Somme toute, si la garnison du fort ne comprenait qu’une vingtaine d’agents, américains pour la plupart, avec quelques Indiens à leur service, les indigènes se comptaient par centaines aux abords du Youkon.

C’est là, en effet, sur un point central de l’Alaska, que se tient le marché le plus suivi pour le trafic des pelleteries et des fourrures. Là s’agglomèrent les tribus diverses de la province, les Kotcho-a-Koutchins, les An-Koutchins, les Tatanchocks, les Tananas, et principalement ces Indiens qui composent la peuplade la plus importante de la contrée, les Co-Youkons, limitrophes du grand fleuve.

On le voit, la situation du fort est très avantageuse pour l’échange des marchandises, puisqu’il s’élève dans l’angle que forme le Youkon au confluent de la Porcupine. Là, le fleuve se subdivise en cinq canaux, qui permettent aux trafiquants de pénétrer plus facilement à l’intérieur du territoire et de commercer même avec les Esquimaux par le cours du Mackenzie.

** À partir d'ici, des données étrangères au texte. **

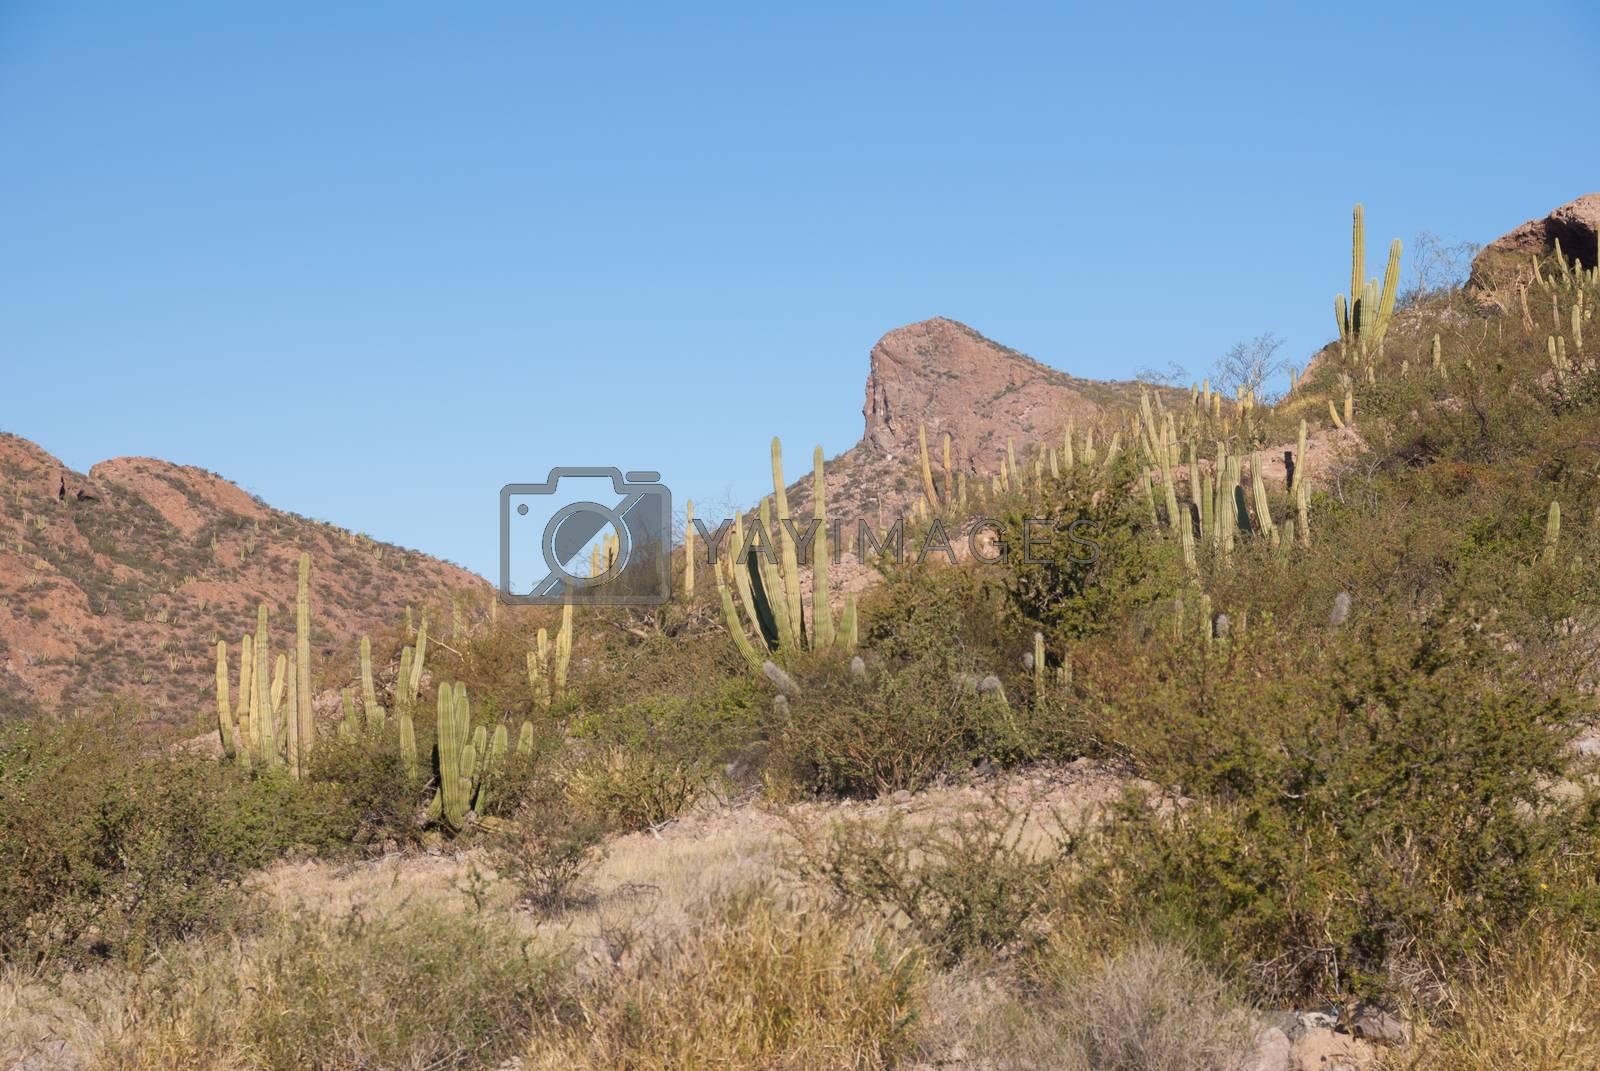 Mexican Organpipe cactus by emattil
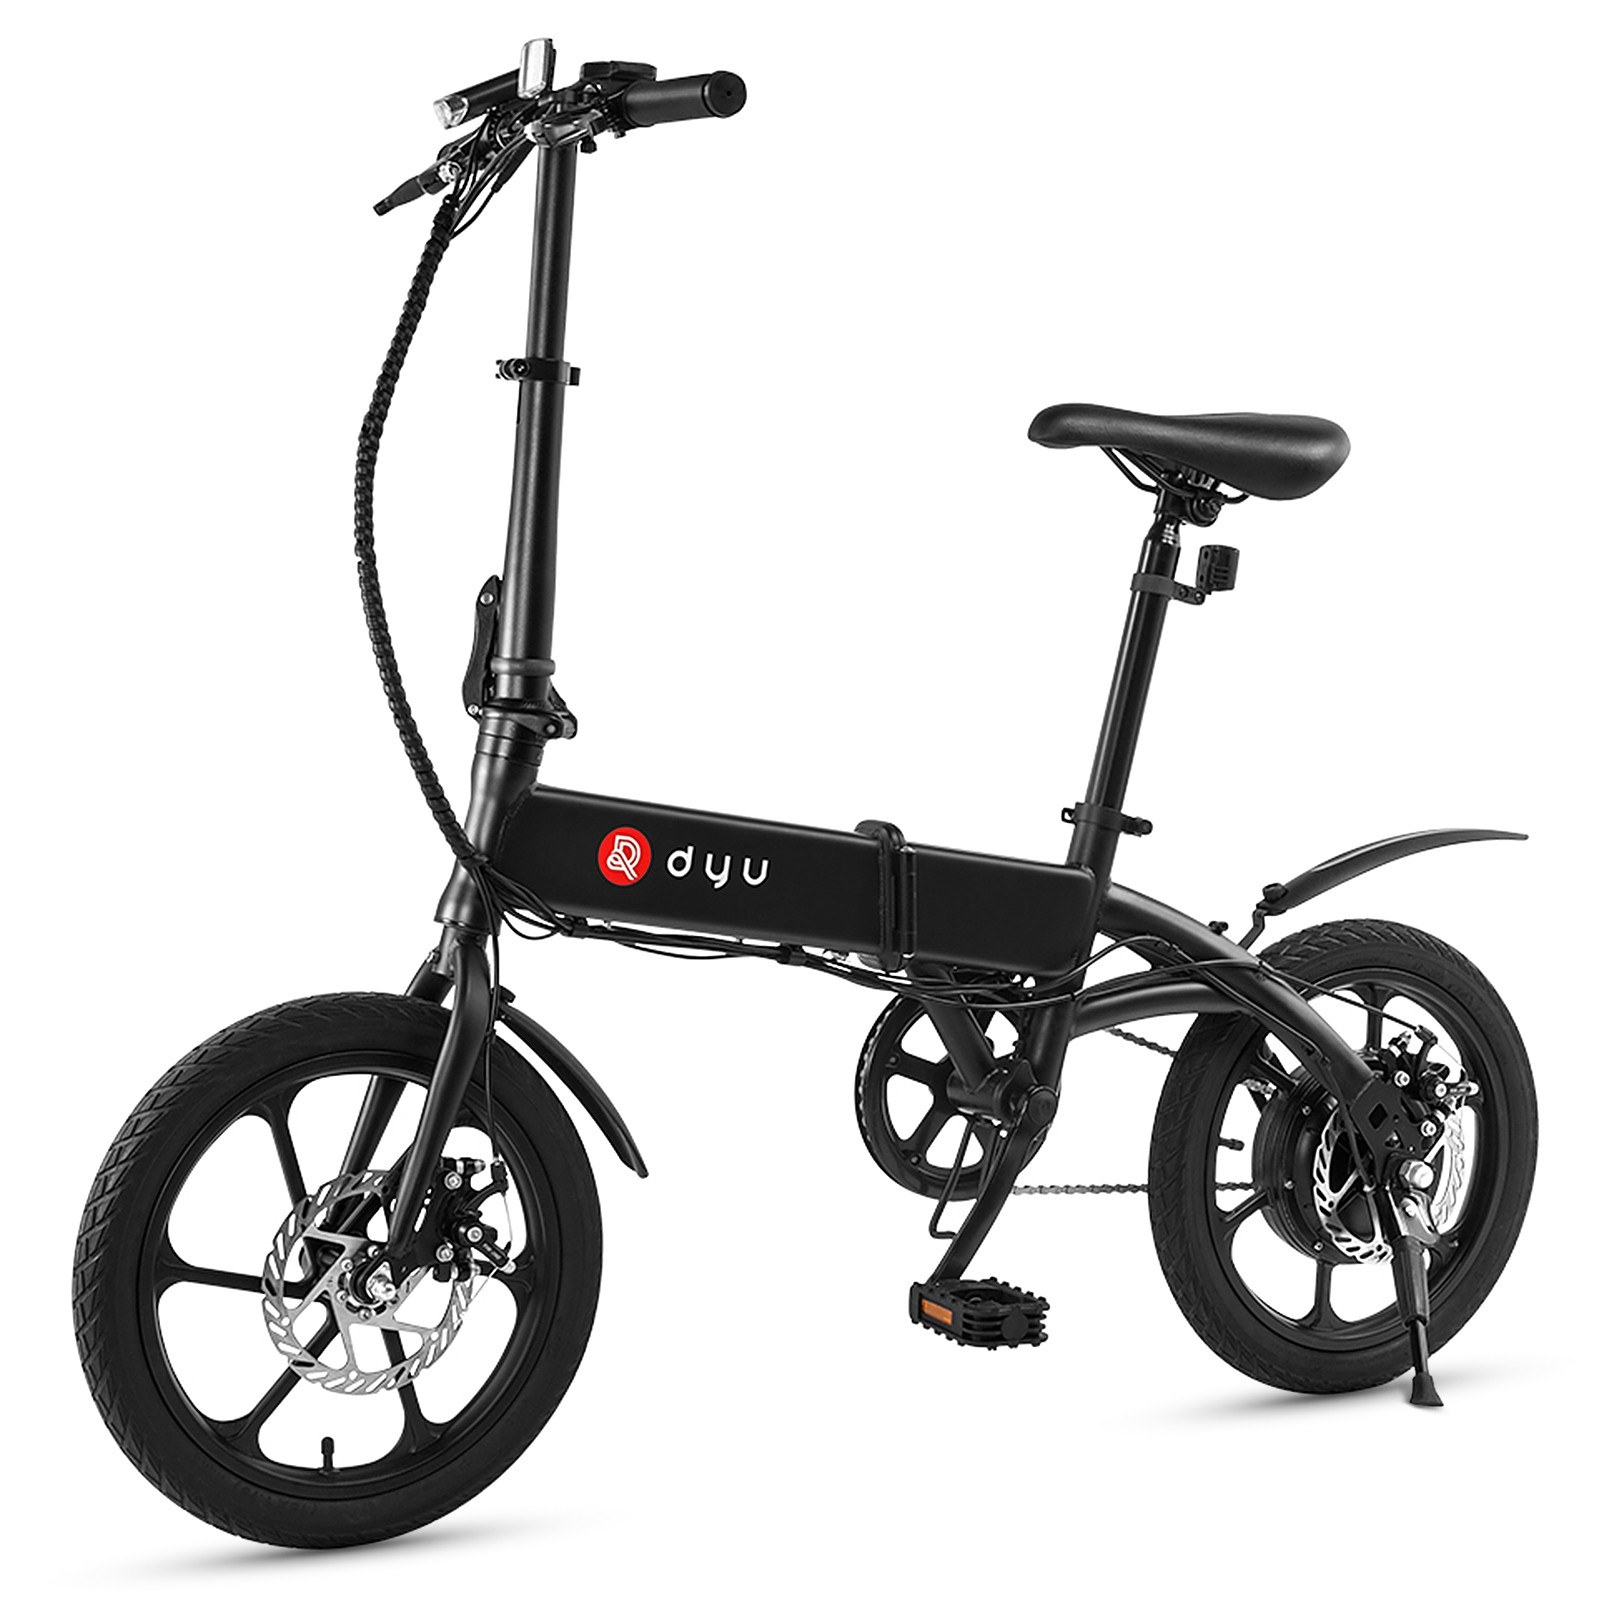 tomtop.com - [EU Warehouse] DYU A1F 16 Inch Folding Electric Bicycle, $535.70 Free Shipping (Inclusive of VAT)

Aussi ce réseau liquide est-il sillonné d’embarcations qui le descendent ou le remontent, surtout nombre de ces « baïdars », sortes de légers esquifs en peau huilée, dont on graisse les coutures pour les rendre plus étanches. C’est à bord de ces fragiles bateaux que les Indiens se hasardent en des trajets considérables, n’étant point gênés, d’ailleurs, de les transporter sur leurs épaules, lorsque quelque rapide ou quelque barrage vient mettre obstacle à la navigation.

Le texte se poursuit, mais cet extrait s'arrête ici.